Mark Pittaccio, the newly appointed investment director at In Partnership, ran his own IFA practice for 12 years before deciding to switch to fees in 2001. It was this frustrating experience, during which he admits to making huge mistakes, that kickstarted a career in transition planning, first at Thinc and now at In Partnership.
He joined the group in early 2009, having worked at Thinc and later Bluefin under the tutelage of Ian Shipway. There he helped build the wealth management division and then, having reduced his client work, he began the thorny process of helping advisers to move their businesses to meet the needs of the new business and regulatory climate.
Having built up experience at Thinc, he left to set up Adviser Vision. Initially, he worked as a consultant but is now full-time at In Partnership and sits on the board. He is in the process of defining a full transition planning programme for the In Partnership advisers, which he plans to roll out from January.
“Advisers’ top clients have subsidised their weaker clients. This can’t happen anymore”
Pittaccio says: “We won’t be prescriptive to any of our advisers and say you can only deal with people over £1m or you must give advice in exchange for an hourly rate. We are just saying you need to define your proposition, you need an appropriate back office, you need a wrap strategy, a number of different investment solutions and a method of servicing.”
The group will work with a range of wrap providers and investment providers. Pittaccio believes that everything starts with the client proposition and from there the right wrap or investment solution becomes clear.
Defining their proposition remains the most difficult area for advisers at the moment. Pittaccio says: “It is very difficult to do and you have to be disciplined. The trouble for many advisers is that they want to continue to have a cup of tea with people they have done business with in the past. Their top clients have subsidised their weaker clients. This can happen but they have to understand it is not profitable so it is like a hobby, like football or playing the electric guitar.”
Pittaccio does not believe in calling round and sacking clients, as some transition planning experts have suggested. He says that in most cases the clients will fall away by natural attrition. It is just a question of being clear about what you can afford to provide to whom. Advisers need to be clear on which clients are paying their bills and be clear when defining their service proposition. He says too many are designed by committee and end up looking like 15 different businesses have been shoe-horned into one.
He also believes advisers have to decide the type of business they want to run. He says: “We have one business that decided it would only take 50 clients and they had to have over £500,000 in assets. Another decided that he didn’t like leaving the office or dealing with life or investment companies so he only delivered the report and didn’t want to involve himself in the execution.
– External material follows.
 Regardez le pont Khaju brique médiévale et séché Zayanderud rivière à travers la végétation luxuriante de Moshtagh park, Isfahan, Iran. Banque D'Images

We don’t aim to define what these businesses should look like.”
He believes that transition will not be for everyone. He says the first question he asks is whether the adviser stills wants to be there in 2012.
“If you look at the journey of most financial advisers, they started as a tied salesforce, then there was a rush to networks, but they were essentially still selling. Some people are better suited to transactional sales and if so, it may be that financial services isn’t the right place for them anymore. Very few came into the business with the view that they were starting a business. They just found themselves running a micro-business without intending to do so.”
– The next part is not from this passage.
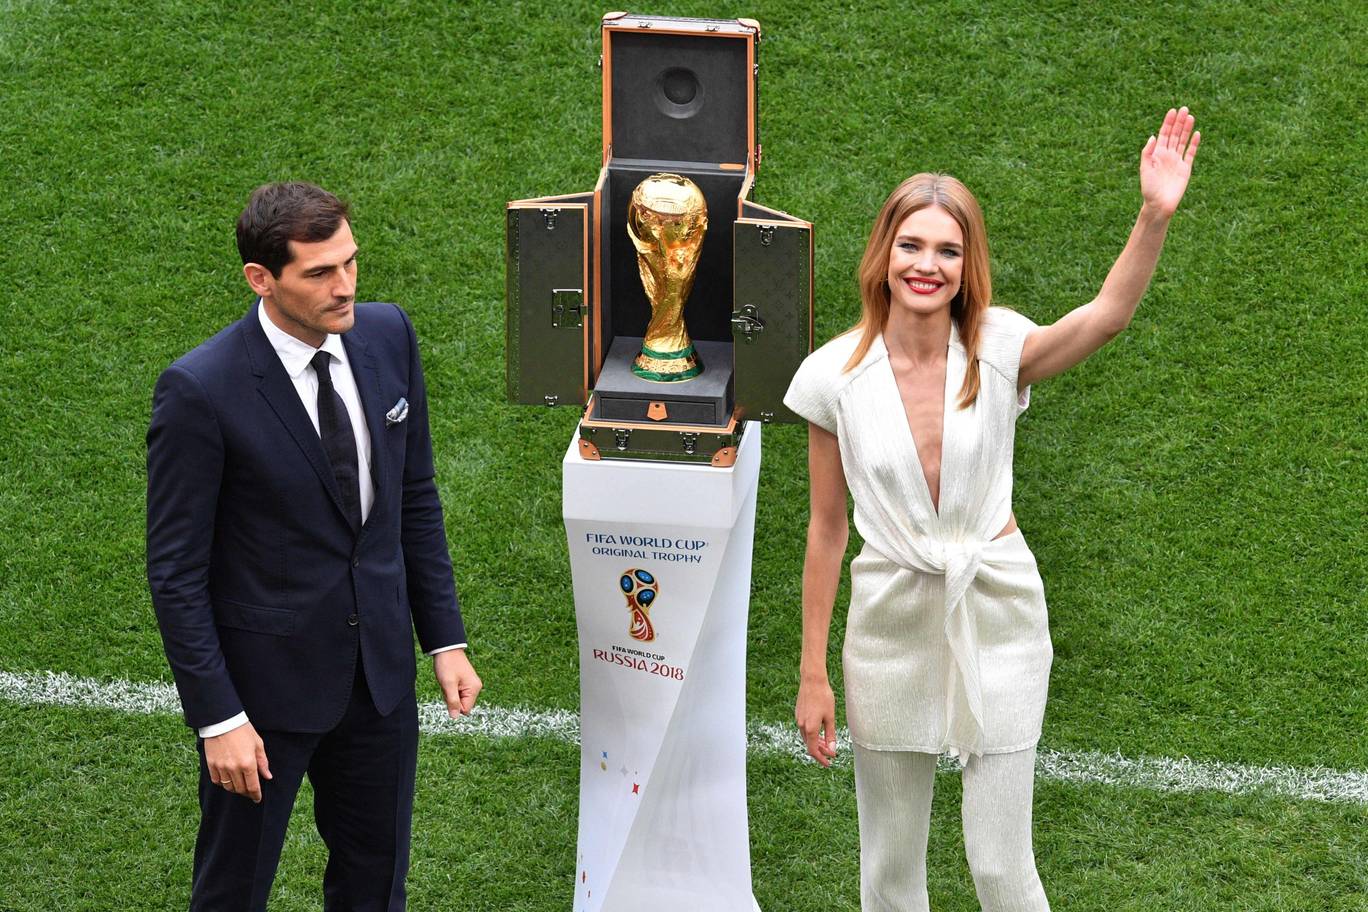 Cựu thủ quân của Tây Ban Nha Iker Casillas và siêu mẫu Natalia Vodianova được vinh dự mang chiếc cúp vàng thế giới ra sân vận động Luzhniki. Đáng chú ý là bên cạnh cúp vàng còn có chiếc hộp đặc biệt được thương hiệu thời trang nổi tiếng thiết kế riêng cho cúp năm nay. Đây là lần thứ hai hãng thời gian hợp tác với FIFA trong việc kết hợp thời trang cao cấp với thể thao.

He finds that the majority of In Partnership’s 450 advisers do want to remain in the game and if they don’t, the group has ways for them to manage their exit. He remains suspicious of some of the consolidators and believes that advisers shouldn’t see it as the only way to exit their business. “Advisers are perfectly capable of doing it themselves,” he adds.
Nevertheless, he remains extremely positive about the outlook for advisers, believing adviser businesses will be far more valuable in the new environment and advisers will be paid properly for the value they add. Unlike his own haphazard transition in 2001, he believes advisers now have significant tools at their disposal to help them manage the process.